The Colonial Police Long Service Medal was established in 1934 to recognise long service in the police forces of the colonies and overseas territories of the United Kingdom. On 10 April 2012 the medal became known as the Overseas Territories Police Long Service Medal.

==History==
The medal was originally established on 23 March 1934 as the Colonial Police and Fire Brigade Long Service Medal. A new Royal Warrant issued on 21 March 1956 provided for separate Colonial Police and Fire Brigade medals under their own warrants, with the name of medal changing to Colonial Police Long Service Medal. The name was again changed in 2012 to the Overseas Territories Police Long Service Medal. This reflected the change in the way Britain's remaining colonies were described, they being classed as 'Overseas Territories' from 2002.

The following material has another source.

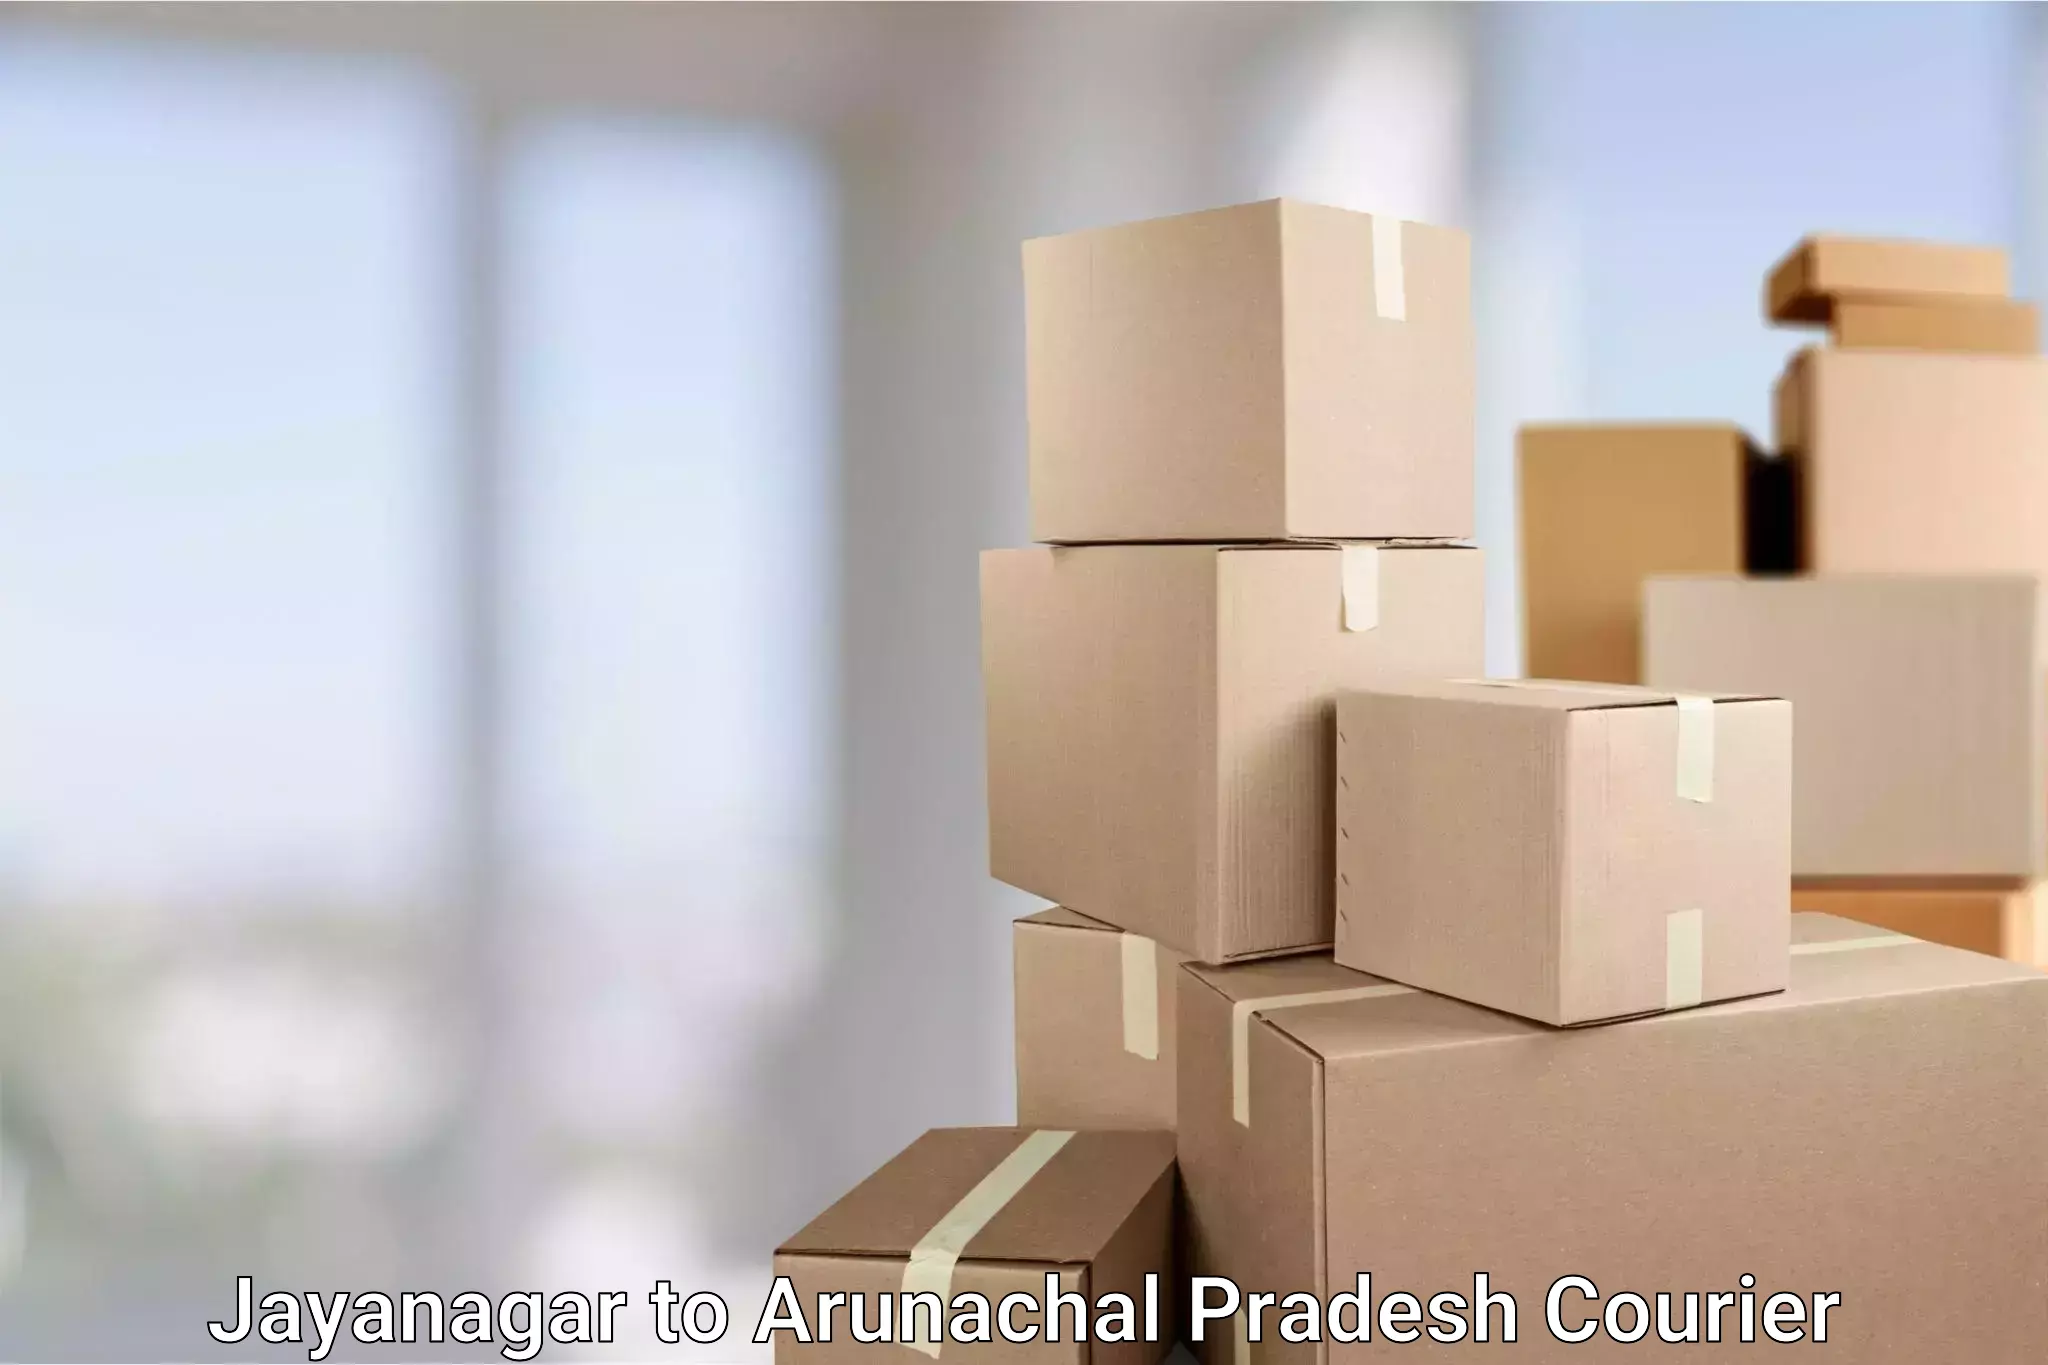 Automated parcel services Jayanagar to Arunachal Pradesh

The medal is awarded for 18 years full-time, continuous and efficient service in the Police Force of any British Colony or Overseas Territory. Service in more than one colony can qualify, as can previous service in any police force entitled to the Police Long Service and Good Conduct Medal, while excluding any service for which this medal has already been awarded. Compulsory service in the British armed forces or Merchant Navy which interrupted, and was continuous with, qualifying police service counts.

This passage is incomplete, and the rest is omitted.